**Directions**: Starting at the line that contains "暖かく優しいニューエイジ音楽の再生済みの波形", write out each line through the end of the data below, exactly as it stands. Skip any pictures.

**Supplied material**:
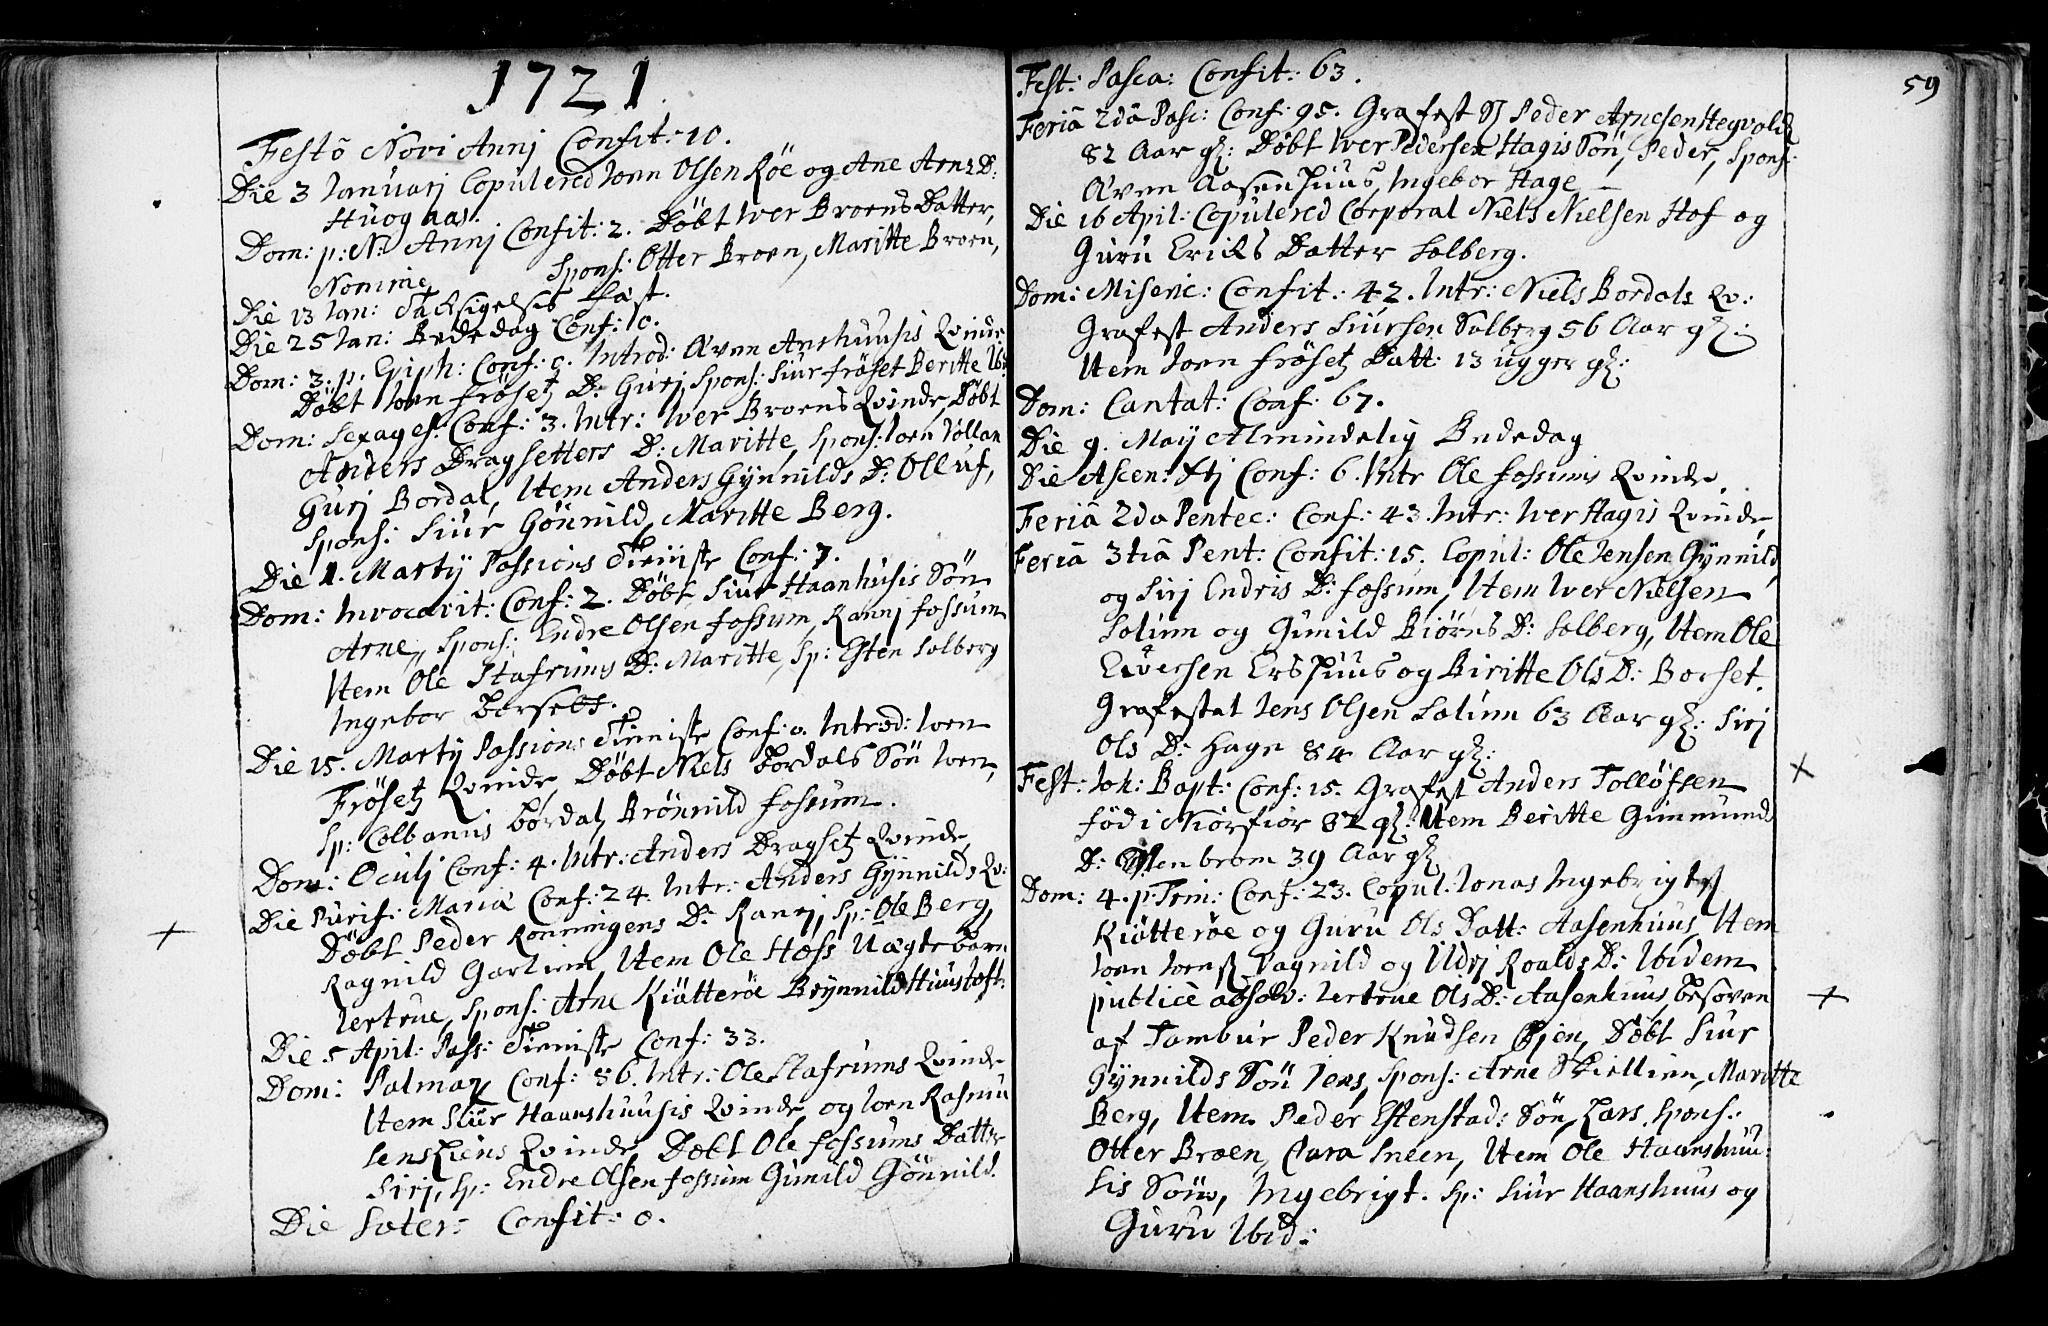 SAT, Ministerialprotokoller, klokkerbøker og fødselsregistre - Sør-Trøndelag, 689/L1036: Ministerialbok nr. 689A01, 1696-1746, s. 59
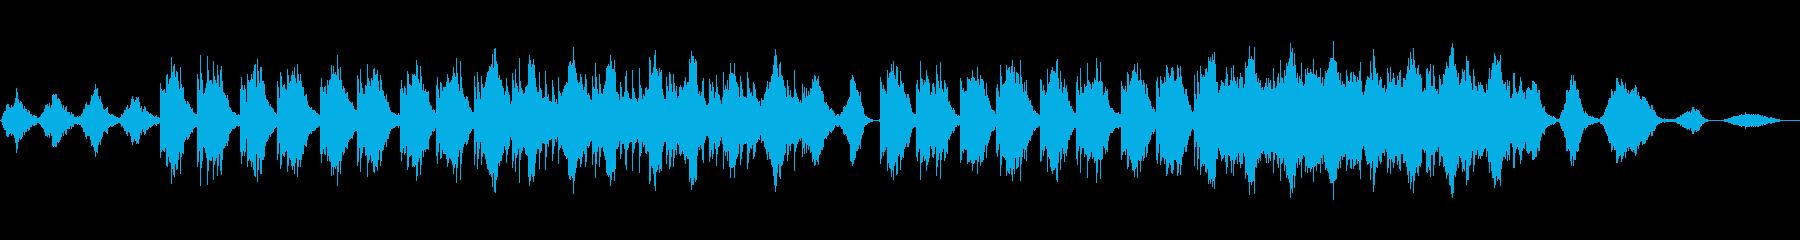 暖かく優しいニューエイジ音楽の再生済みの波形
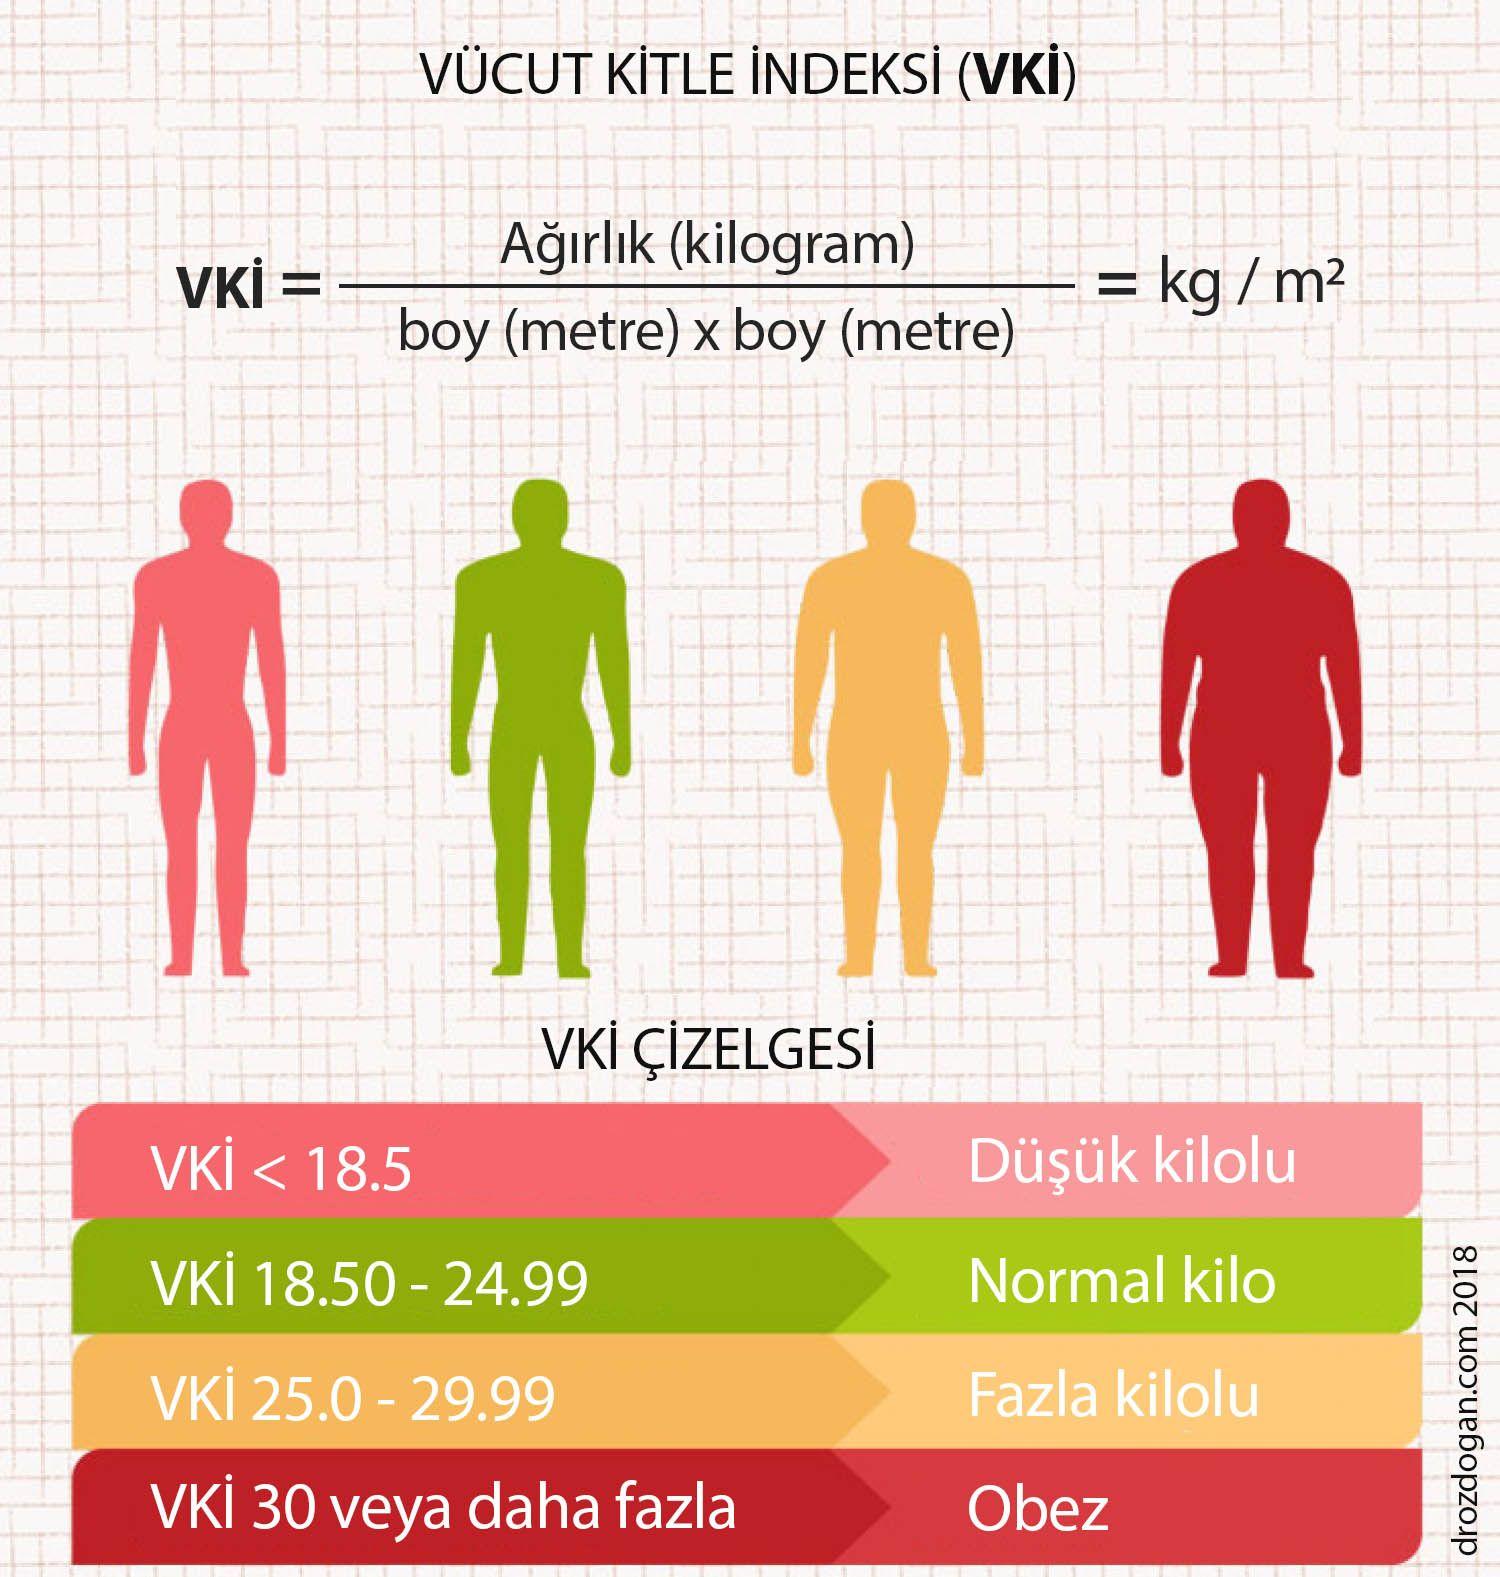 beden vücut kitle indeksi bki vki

**Problem solution**:
 暖かく優しいニューエイジ音楽の再生済みの波形
 beden vücut kitle indeksi bki vki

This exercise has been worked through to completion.